Recent "Ask an Expert" Submissions

Below are some recent questions submitted to our expert team.

What are the steps to moving to a more clinically-oriented supervision approach?

The Question:

"I am the director of a large, publically-funded inner city treatment program and have been required by the state to establish a consistent supervision program for our agency. Our staff includes ten full-time counseling positions with a broad range of professional experience and education, from entry-level addiction staff to licensed social workers and professional counselors. Until now, employees have received primarily administrative supervision with an emphasis on meeting job performance requirements. The agency needs to make the supervision more clinical in nature. What are the steps to moving to a consistent clinical supervision approach?"

The Response:

Moving from a focus on administrative supervision to an approach that simultaneously emphasizes the clinical aspects of service delivery is an enormously important step. Quality of care for clients and families depends on a clinically oriented supervisory process. However, to effectively implement such a transition there are a number of steps that must be taken by organizations:

  1. Talk with agency staff about the planned change: Agency leaders are first encouraged to meet with all staff (direct care, middle managers, administrators, etc.) to discuss with them the intent to broaden the supervisory focus in an effort to ensure quality of care. One strategy is to convene an all staff meeting where the agency’s management team conveys a clear message that the enhanced clinical focus is also intended to serve as a support to staff in their challenging jobs. The meeting can be an opportunity for staff to discuss their reactions and fears about the new agency direction. If managed well, this dialogue will enhance staff receptivity to the change process.
  2. Make treatment plans a central focus of supervisory sessions: Treatment plans are supposed to guide the delivery of care, but too often they are viewed as an administrative task that has little bearing on services provided. Ask your supervisors to follow this simple rule: when discussing a client with a supervisee the treatment plan should be a central focus. It should be in the room for both the supervisor and supervisee to review and discuss. This might seem awkward to staff at first, but the accuracy, relevance, and timeliness of treatment plans will gradually improve and the focus will shift during supervision to the clinical aspects of care.
  3. Ask your supervisors to observe what supervisees do: Supervisors’ knowledge about what supervisees do with clients comes almost exclusively from what supervisees tell them. Shaping what supervisees do requires first hand knowledge about how they practice. To gather this knowledge have your supervisors increasingly use two strategies:
    • Direct Observation: This is the most effective way to build staff practice skills and monitor performance. It can occur with the supervisor in the same room or in an adjacent room observing the delivery of care. Observing staff providing services in community settings can also be invaluable.
    • Providing Treatment Jointly: This allows the supervisor and supervisee to work together as co-facilitators during group sessions, family sessions, or providing services to an individual. Supervision of the supervisee can occur before and after the client and family interactions. Supervisor modeling of desired behaviors can have a profound impact on shaping what supervisees do.

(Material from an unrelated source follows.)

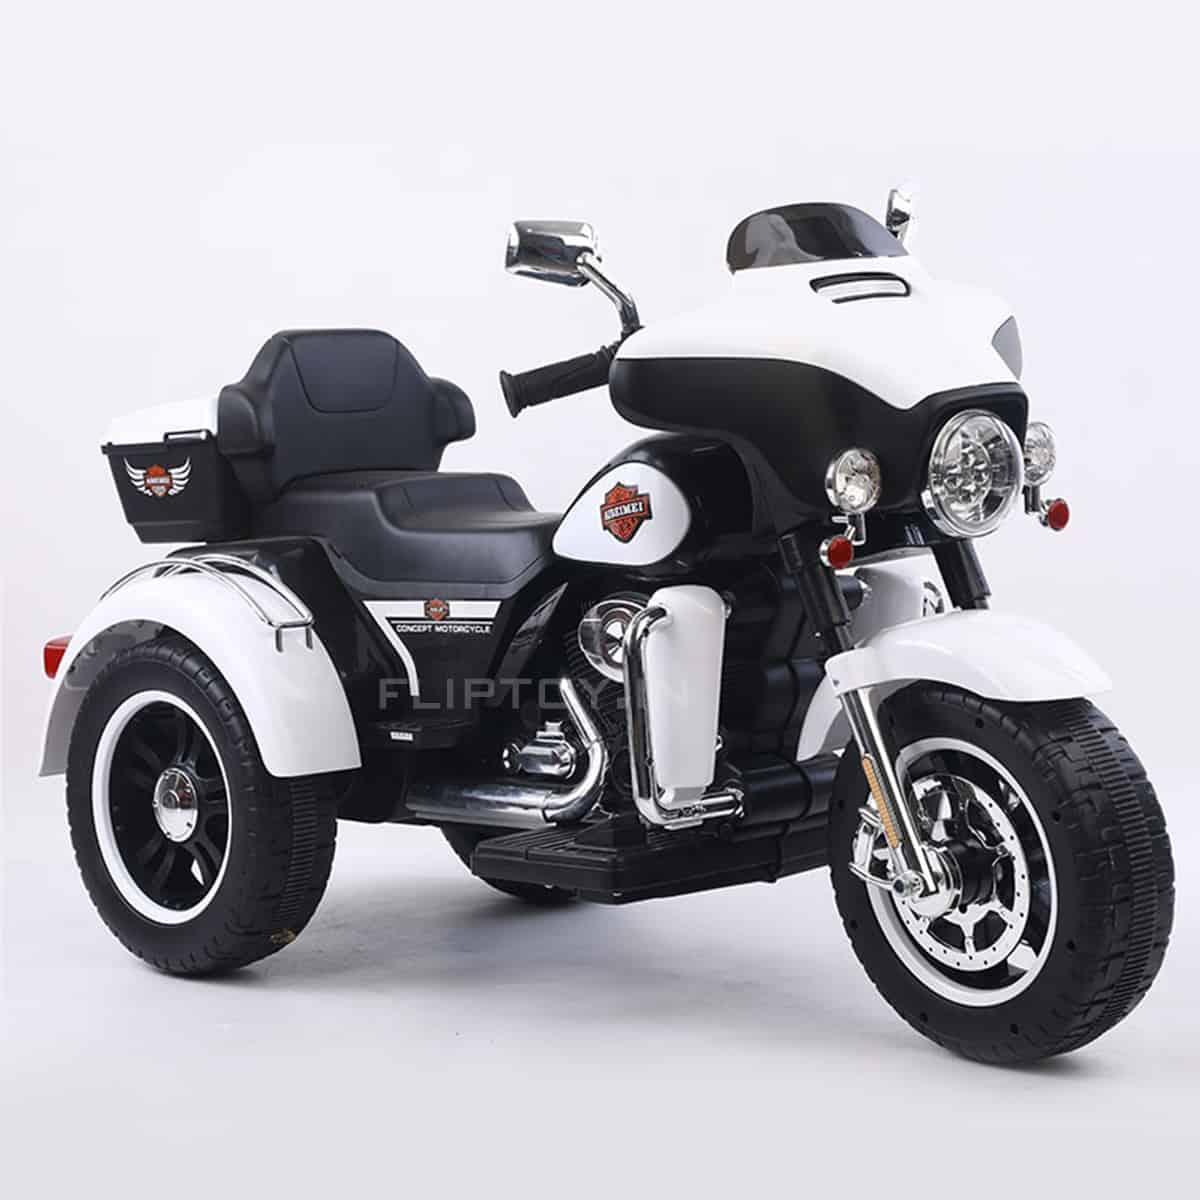 ABM-5288 Children's electric motorcycle Battery Operated Bike Harley Davidson (Non metallic)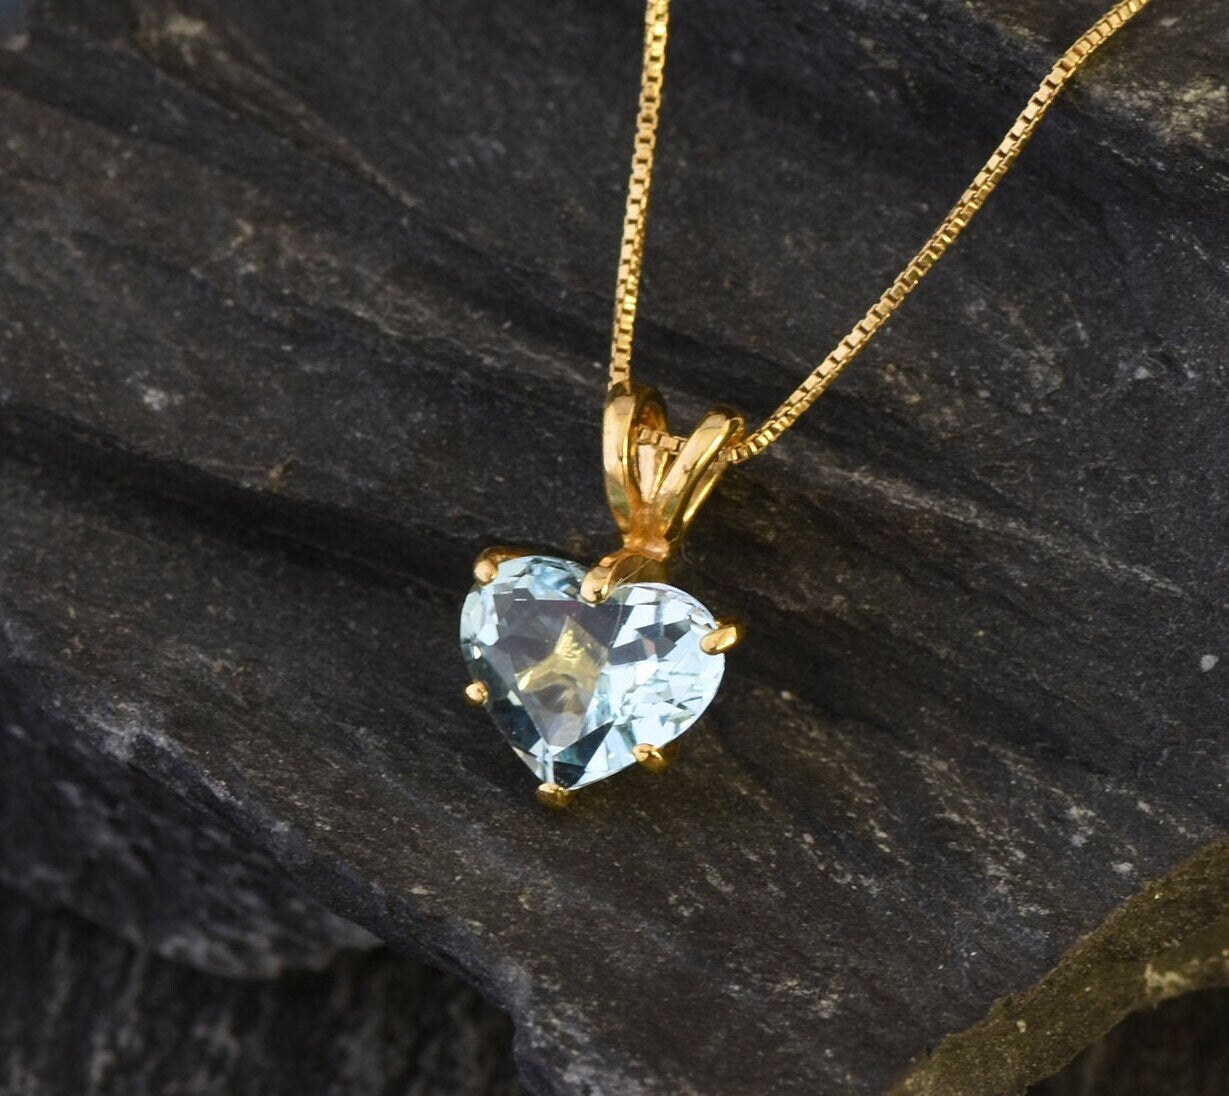 Blue Heart Pendant - Natural Blue Topaz, December Birthstone, Love Necklace

In summary, transitioning towards a model of supervision where the clinical aspects of care are emphasized is extremely important but also very complicated. To effectively make this transition consider these three strategies: (a) communication with staff about the planned changes; (b) ensure that your supervisors make treatment plans a central focus of any client discussions, and (c) have supervisors directly observe the work of staff with clients or provide services jointly. Ensuring a clinical focus in supervision will help an agency ensure a person-centered approach to treatment, enhance quality of care, and foster improved outcomes for their clients.